2005-09-28 Thread Erik Lundberg
Dear Web Experts America,

Please see the message below, regarding your complaint about a Nutch
Crawler running on host '[EMAIL PROTECTED]'.

If you can provide us with more detailed information about the
incident, we can investigate further.  

 Erik Lundberg
 Director, CS Laboratory
 Department of Computer Science & Engineering
 University of Washington

 -- Original Message --
 Date: Fri, 23 Sep 2005 12:25:49 -0700
 From: WebExpertsAmerica <[EMAIL PROTECTED]>
 To: [EMAIL PROTECTED], [EMAIL PROTECTED]
 Cc: nutch-agent@lucene.apache.org
 Subject: Your Nutch Crawler is Out of Control - Apache Notified

 You crawler is ignoring our robots.txt file.

 http://lucene.apache.org/nutch/bot.html; nutch-agent@lucene.apache.org)"
 128.95.1.189

 You are eating bandwidth at our domain in incredible amounts. This is
 rude.

 Please stop or we will be forced to block your IP and the crawler you
 are using.

 Best Regards,

 Web Experts America
 -


 Forwarded Message

This may refer to a crawling task I ran intermittently over the last
three weeks.  We're definitely observing robots.txt, with code that's
been widely tested.  (Nutch is an Apache project that's been around
for 3 years.)

It's possible there's a bug in the robots code, but I'd find that
somewhat surprising.  The only other thing I can think of is that
WebExpertsAmerica is a Search Engine Optimization company, and they
might be doing something slightly tricky or unusual that confuses
Nutch's politeness guarantees.

It's hard for me to say much else (eg, how many of their pages we
actually crawled, whether this is a widely-seen problem) without a
little more info (eg, what domains they're complaining about, what
kinds of other complaints we might have received).  I'm happy to talk
to you or anyone at CAC about needed further action.

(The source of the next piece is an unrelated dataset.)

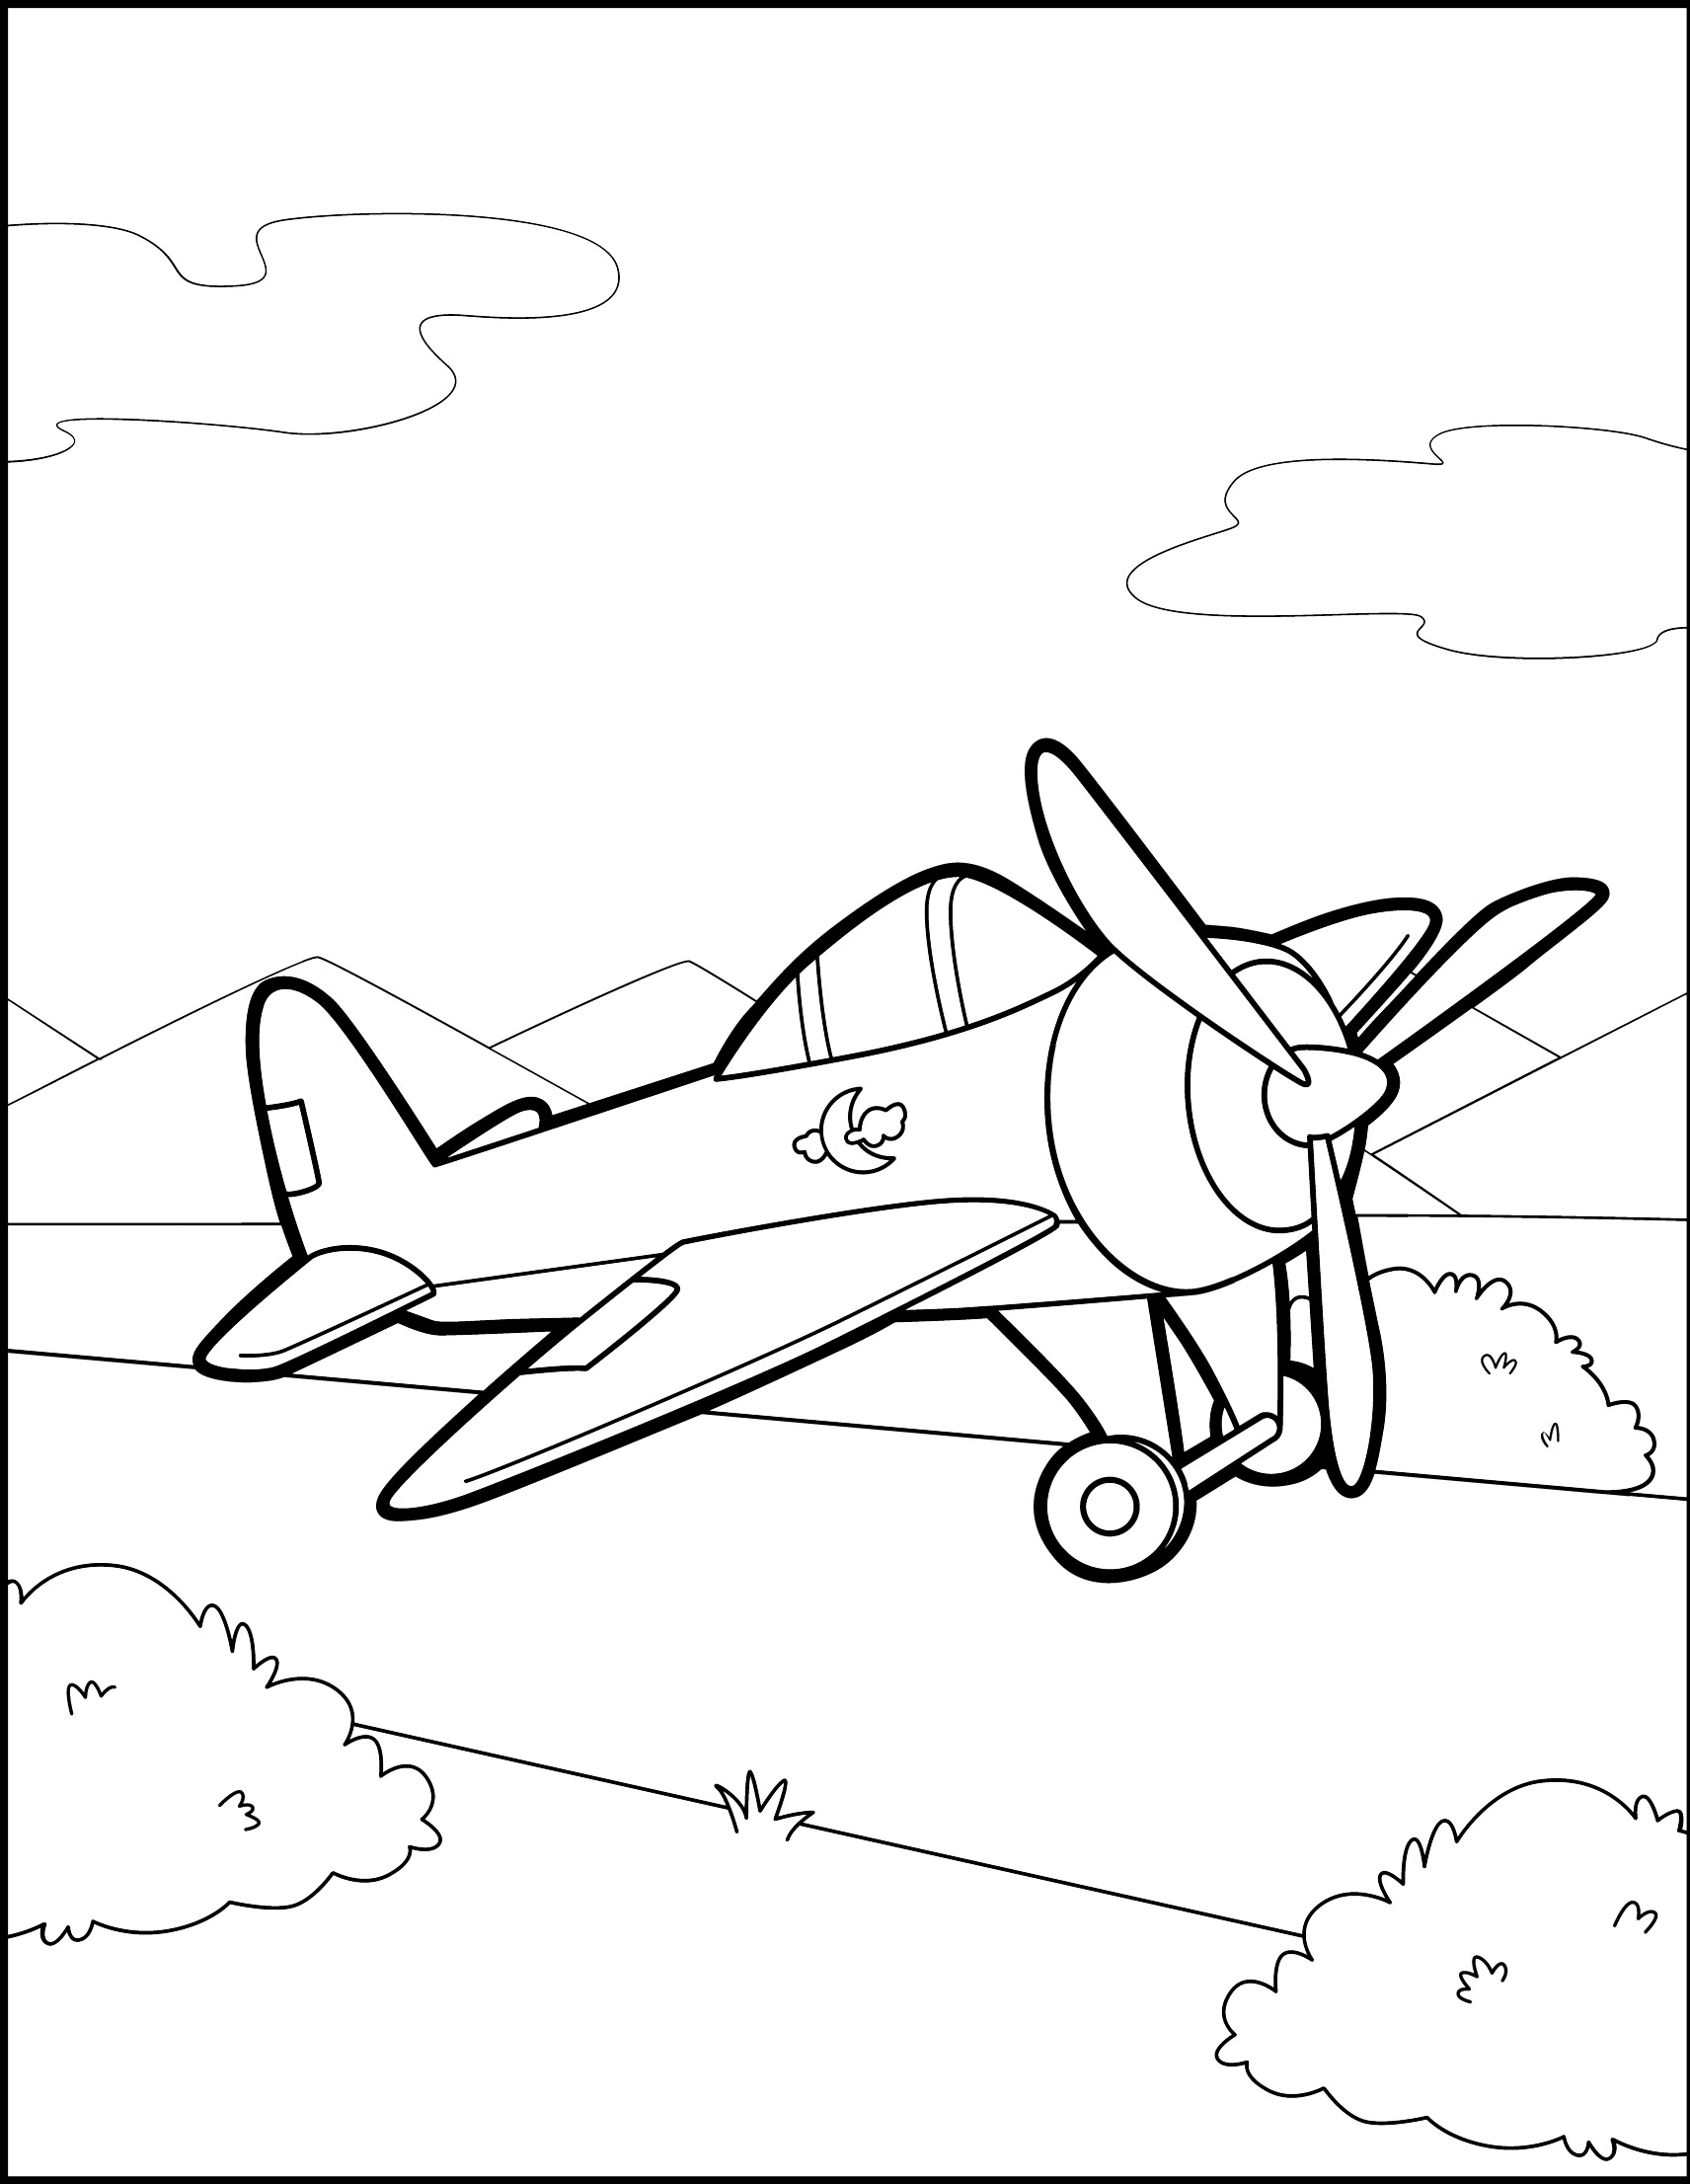 Plane at the runway coloring pages   Hellokids.com

Note that the task has been complete for some time, and I have no more
crawling plans anytime soon.

   --Mike



RE: Your Nutch Crawler is Out of Control - Apache Notified

2005-09-28 Thread Richard Z. Ward
Sorry to barge in like this but I don't think you guys are making any
headway.

WebExpertsAmerica,

If you check the IP address on http://www.checkdomain.com, you will see that
the IP address 70.30.209.252 is managed by Rogers Cable of Toronto. To make
it easy, click on the following link:

http://www.checkdomain.com/cgi-bin/checkdomain.pl?domain=70.30.209.252

Unfortunately, I must have deleted your first e-mail and I don't remember
how you figured out the machine lives at the University of Washington. From
what I can see, the machine that is attacking you is likely in Toronto.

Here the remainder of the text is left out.